Citizens’ Council for Health Freedom (CCHF) has an answer to the question: If patients are “covered” by insurance, why does this happen?

“Actually, surprise medical bills are not the main problem,” said award-winning author and CCHF president and co-founder Twila Brase.“The problem is the network. Surprise medical bills come from out-of-network doctors and facilities. In real health insurance, the indemnity kind, there are no networks. Surprise medical bills come because even though an insured patient may go to a network hospital, the emergency room doctor, radiologist or specialist may not be part of the health plan’s network. 

“Patients then receive this unpleasant surprise because they have unknowingly gone outside the network and are facing a separate out-of-network deductible,” said Brase, “which could be higher than their in-network deductible. Patients have been forced into networks because Congress established and has now imposed through the ACA health plans for all Americans. Those health plans use networks to ration care. 

“Instead of getting rid of health plans and these surprise medical bills, Congress is considering price controls that would cap payments to out-of-network doctors,” Brase continued. “California and other states are looking at legislation to limit what out-of-network doctors can charge in-network patients. This ill-advised attempt at price control would essentially make all doctors into network doctors, expanding health plan payment controls to doctors who haven’t agreed by contract to network pricing. If this happens, we expect many doctors to stop practicing altogether, reducing access to care.”

Telling doctors what they can and can’t charge when they are not in a network fits the socialist model, Brase added. In fact, in response to an article in National Review that outlines how socialist Sen.
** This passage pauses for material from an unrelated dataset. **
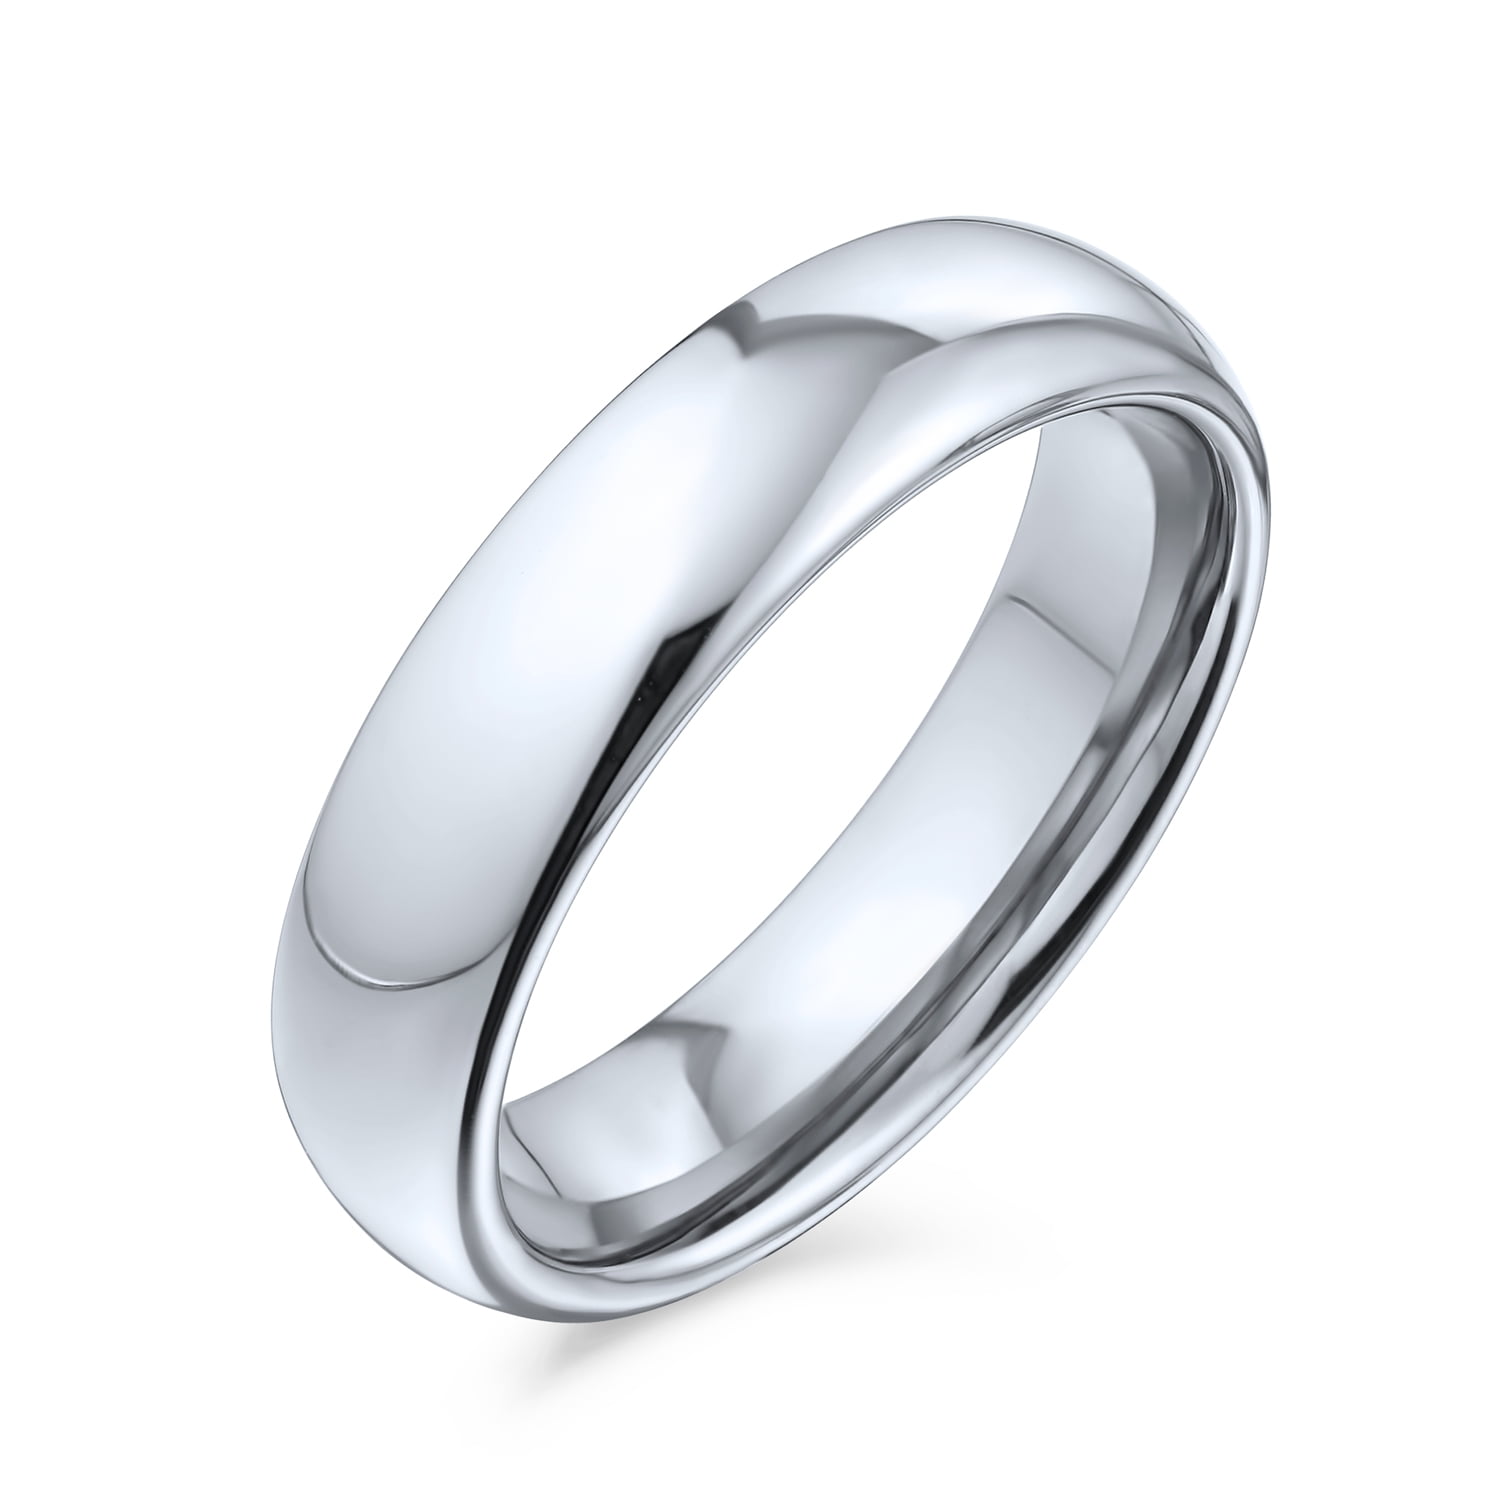 Silverly 925 Sterling Silver Rings for Men and Women - Braided Ring 7.7 mm  - Wide Band Men's

Bernie Sanders touts health care as a “right,” Brase recently tweeted:

  1. There’s no such thing as “health care.” There is medical care and medical insurance.
  2. A right to coverage is NOT a right to care.
  3. A “right to care” (treatment) is the “right” to make doctors into serfs by government force.
  4. There is a right to NOT be a doctor.

In the new book, Big Brother in the Exam Room: The Dangerous Truth About Electronic Health Records,” which was recently named a first-place winner for the Reader Views Literary Awards, Brase writes extensively about government health care, socialized medicine, patient privacy, electronic health records, health freedom and how the Affordable Care Act has harmed patients and doctors since 2010. Find Big Brother in the Exam Room” online wherever books are sold or at BigBrotherintheExamRoom.com.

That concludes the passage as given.